Encryption keys can be used to make digital signatures. Anyone with the key for this communication could've made that signature; not just the sender, but the receiver as well.

(I'm sure you can think of more.)


I find this weird and almost the opposite of what I would want.

I would want a system where I cannot repudiate messages that I sent, but I must repudiate (i.e. cannot claim authorship of) messages that I did not send.

As far as I understand, isn't that how asymmetric encryption typically works? What's the advantage of symmetric encryption in this case?



"Firefox does not trust this site because it uses a certificate that is not valid for www.loper-os.org. The certificate is only valid for the following names: *.nfshost.com, nfshost.com"


The concept of the "SelfChain" confuses me. It sounds like it would fall apart completely for anything except direct messages. If one person goes offline and all other people continue to talk, does that mean the next day my station considers all other speakers "forked"? And I have to unfork all of them? It's not like I can catch up since all messages are stale and discarded after 15 minutes.

Do I allow a hearsay message to fork one of my peers? Can a rouge peer just come in, fork everyone, and leave?


I'm not seeing much detail about the crypto (other than serpent and HMAC-512).

Also: there is a claim of being DDOS-proof, but I haven't found an explanation as to how.

Also: is there actual implementation or even a mock?


I also don't see much DDOS proofing in this. Best I can find is that you can unpeer people, but since every message is rebroadcasted by everyone, that doesn't seem like much of a protection. Especially since, if the DDOSer has a lot of peers, it seems can be pretty imposible to know who the attacker even is, since there is no singed journal of hops or something.


"every message is rebroadcasted by everyone" is not factual per the spec.


Do you mean some technicality like "only broadcast messages" and the deduplication list or something that can actually stop DDOS?

There is also a bounce limit, but I would expect that (average number of peers) ^ 3 might be plenty amplification


Only validly-signed (from one of the station's peers) messages move past the decoding stage ("prologue"), and of these only ones with timestamp +/-15min. of station's time; these finally searched for in dedupe queue; and at the end may be rebroadcast, if so marked, to the station's peers strictly.

You can be DOSed, so to speak, by one of your peers, but not DDOSed by a third party -- a reasonable machine can reject signature-failing or replayed-stale packets from multiple NICs at line rate, so long as your WOT is compact (i.e. less than 100 entries).

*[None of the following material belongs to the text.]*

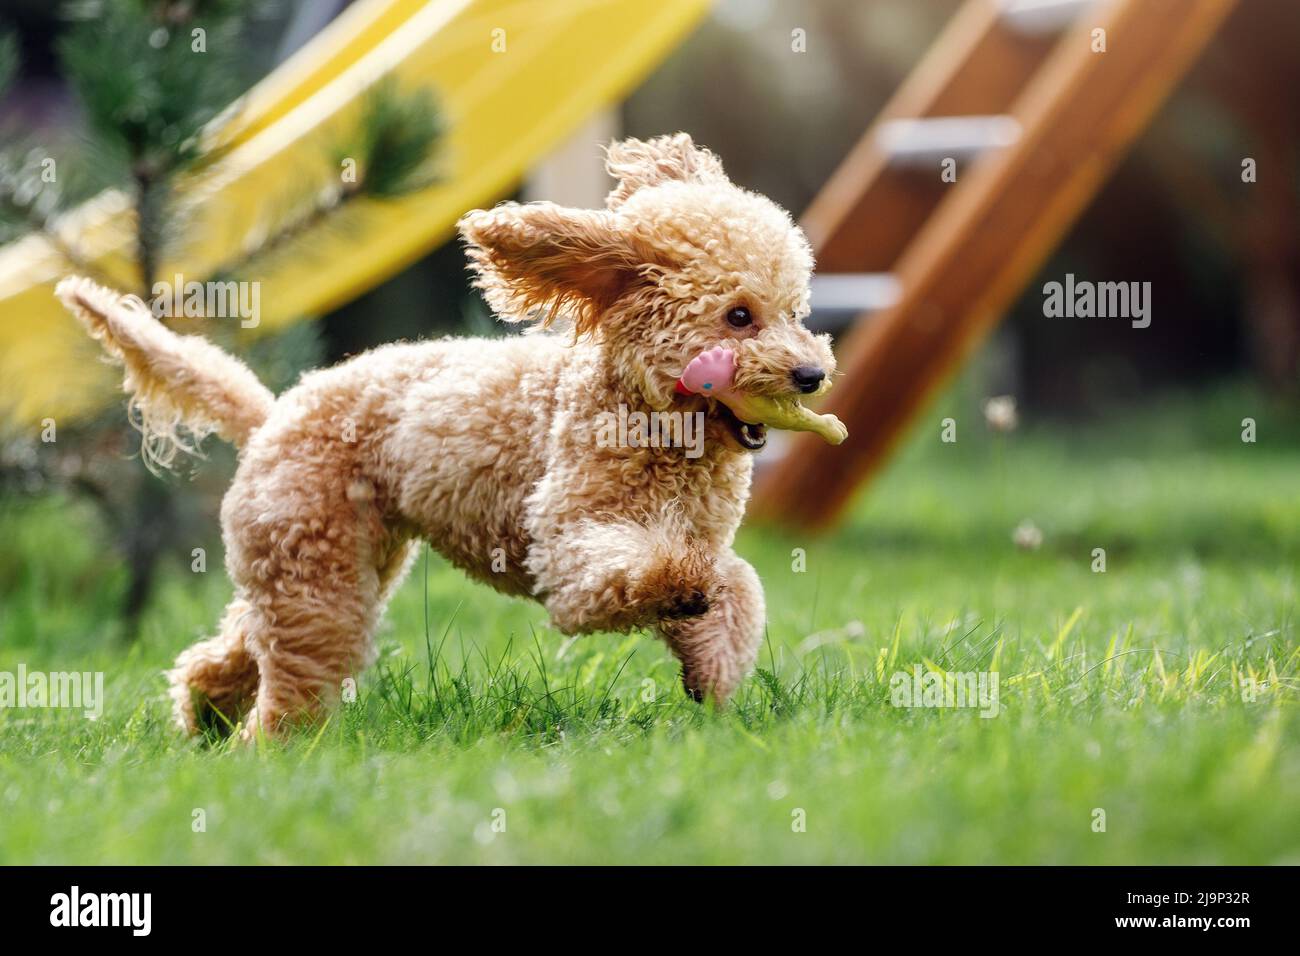 Niedlicher kleiner goldener Hund, der spielerisch auf dem grünen Rasen im Park läuft. Glücklicher Hund fliegt schnell und trägt ein aus Gummi geformtes Spielzeug in seinem Mund Stockfoto
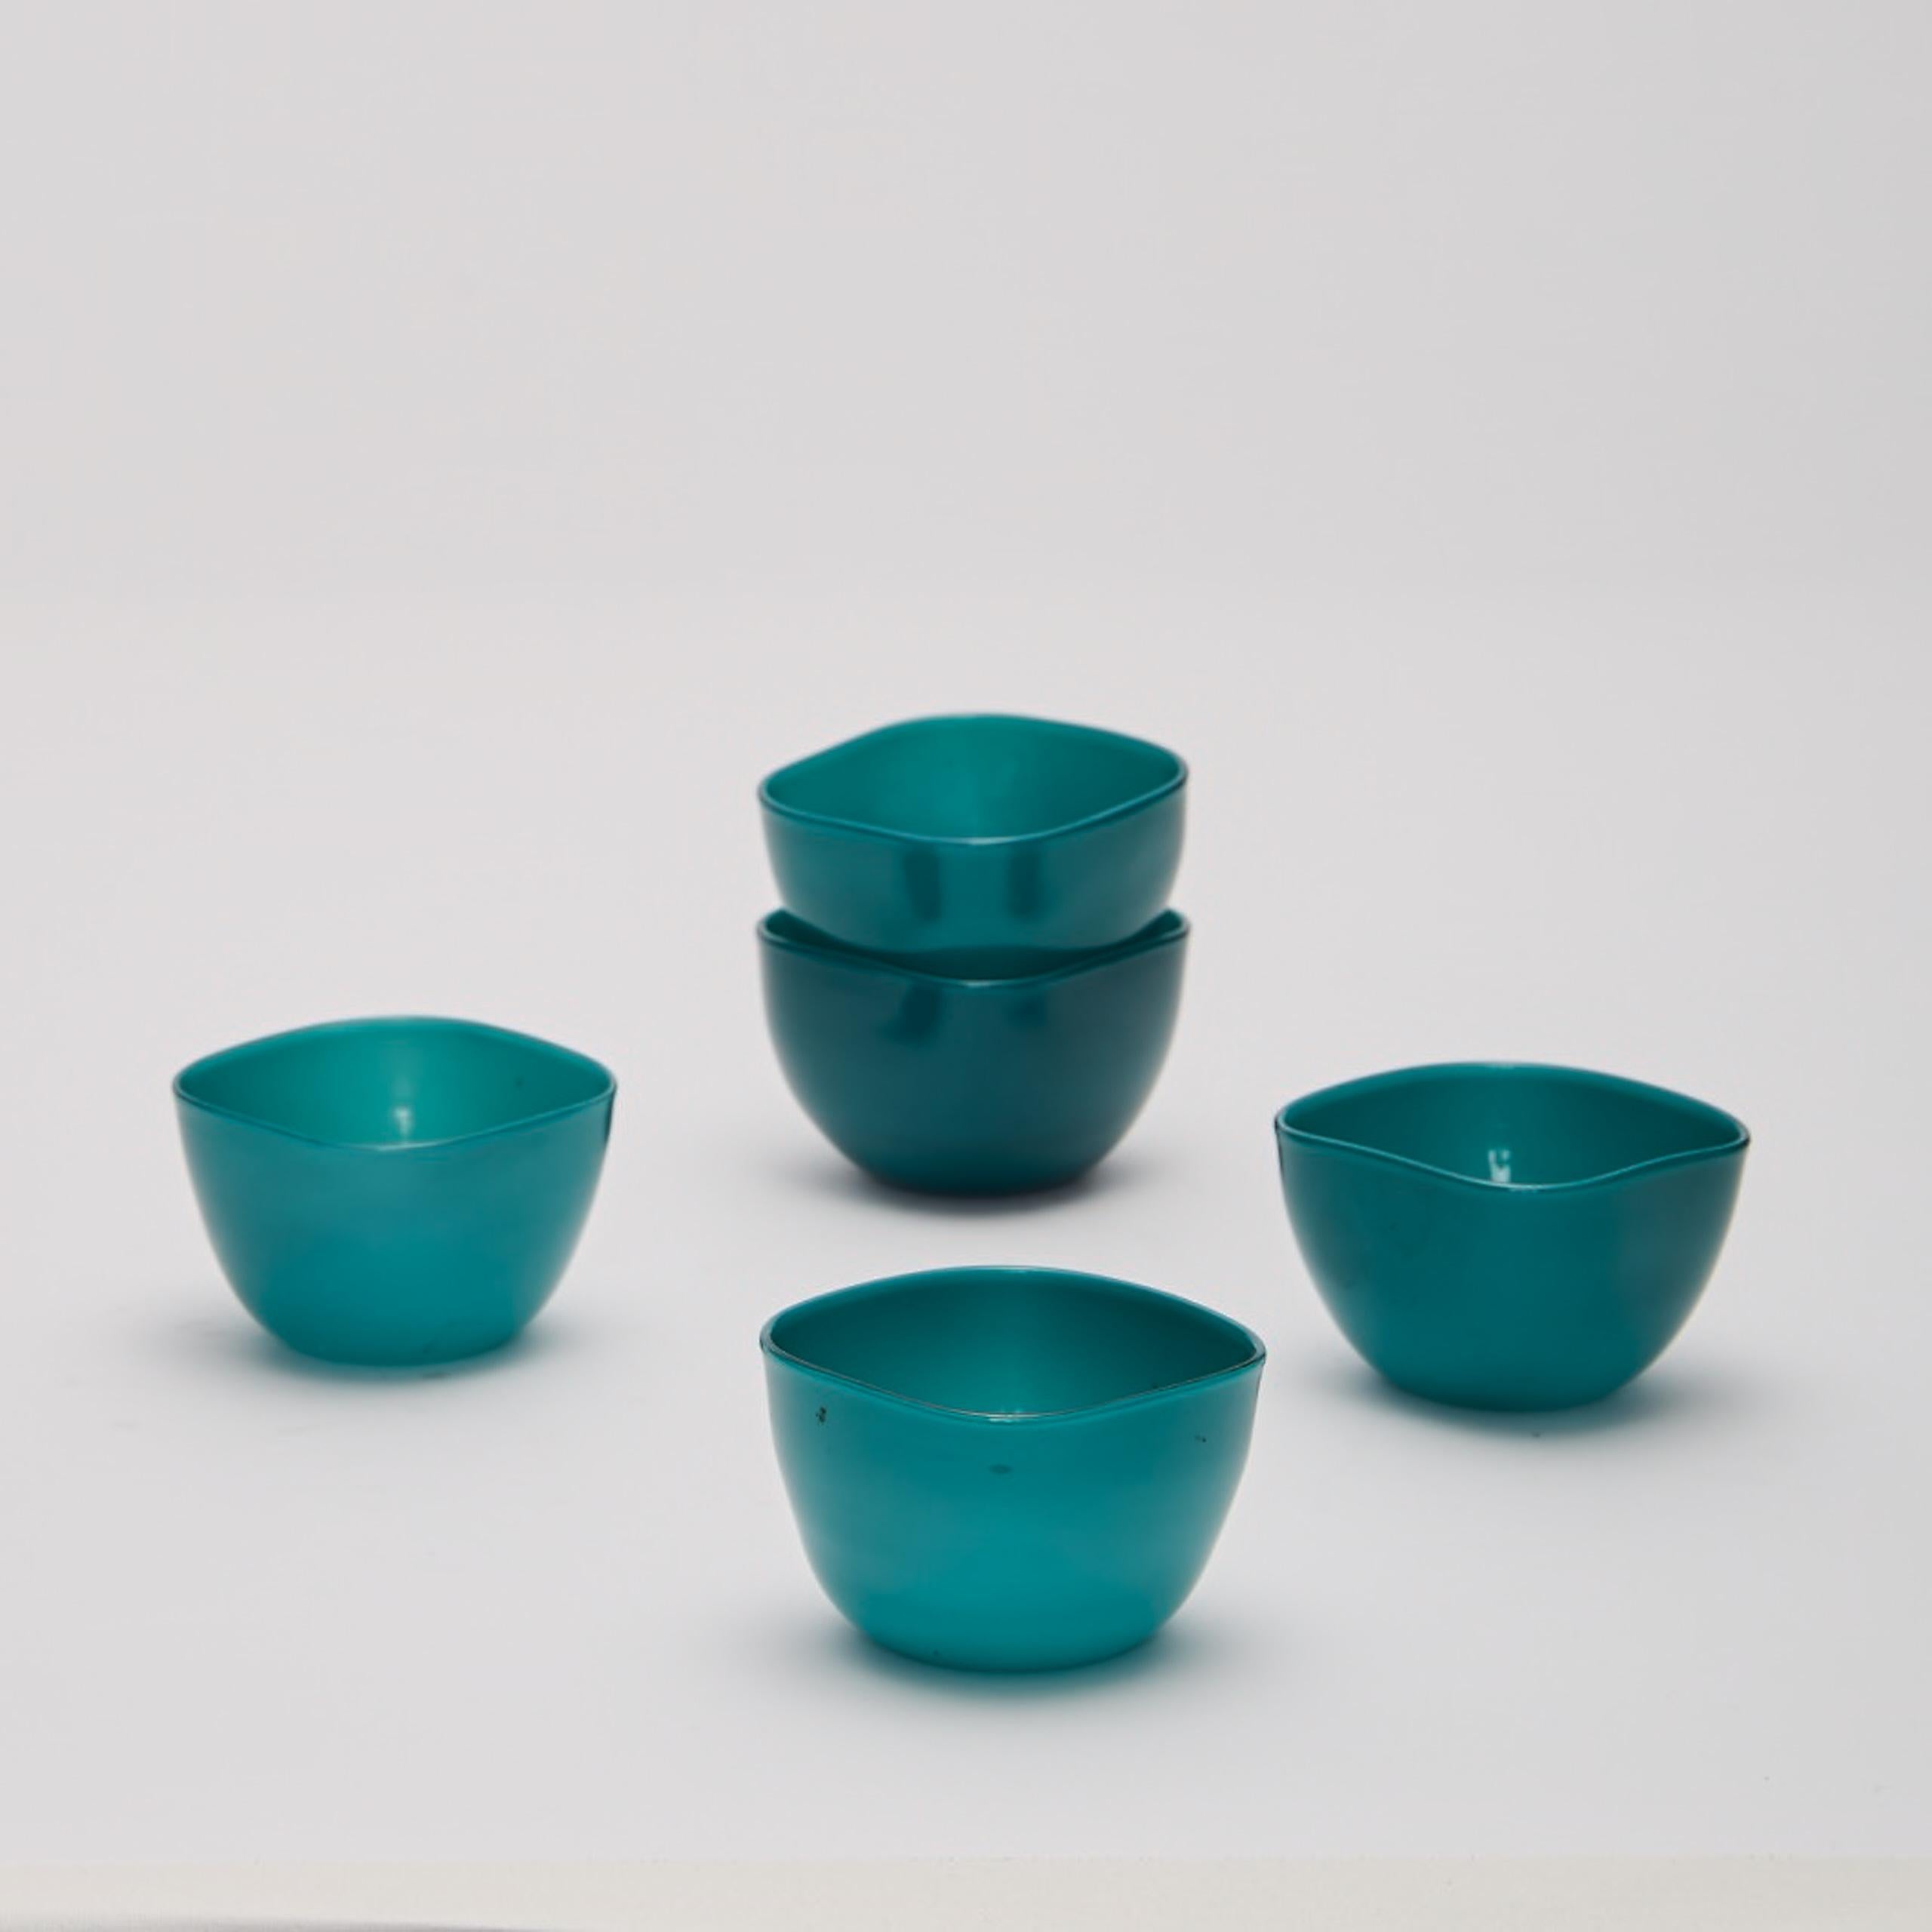 Cinq petits bols en opaline turquoise soufflés à la main par Paolo Venini (1895-1959) vers 1950 pour Murano, verre opaque, cachet à l'acide sur chacun d'eux

This of course remains to be experimentally tested. Currently there is only an algorithm!


The fact that indirect messages are marked as unverifiable "hearsay" (seemingly regardless of how many peers confirm it), the fact you can only join the network if you peer with someone, and the bounce limit seems to imply that you would want to peer very liberally.

And the trick is that you can't just be DOSed by a peer, you can be DDOSed by the peers of your peers of your peers, as I see it.


Indirect messages must be marked as hearsay, given as (barring the use of asymmetric crypto, which is AFAIK impossible to carry out at Gb+/s line-rate without specialized hardware) there is no way to verify, in any useful sense, their authorship.

The most that can be done to infer authenticity of indirect messages is to see whether such a message rejects the authorship of a known previous message having the same handle -- via the SelfChain. In virtually any case of handle collision, this will occur.

Re: floods -- a station only processes messages from a peer. So in fact in all cases the proximate cause of a flood is identifiable, and you can "UNPEER" and "GAG" him.

Flooding by a peer is annoying, but is not what people normally think of as "DDOS" (normally the term implies a flood of rubbish received directly from unauthenticated third parties.)

How liberally to peer -- is a matter for an individual station operator. Peering with every passing acquaintance has obvious down-sides.


Reminds me a bit of Scuttlebut:

https://scuttlebutt.nz/about/


I can't wait to try out some implementations.


At the moment even the algorithm isn't finished.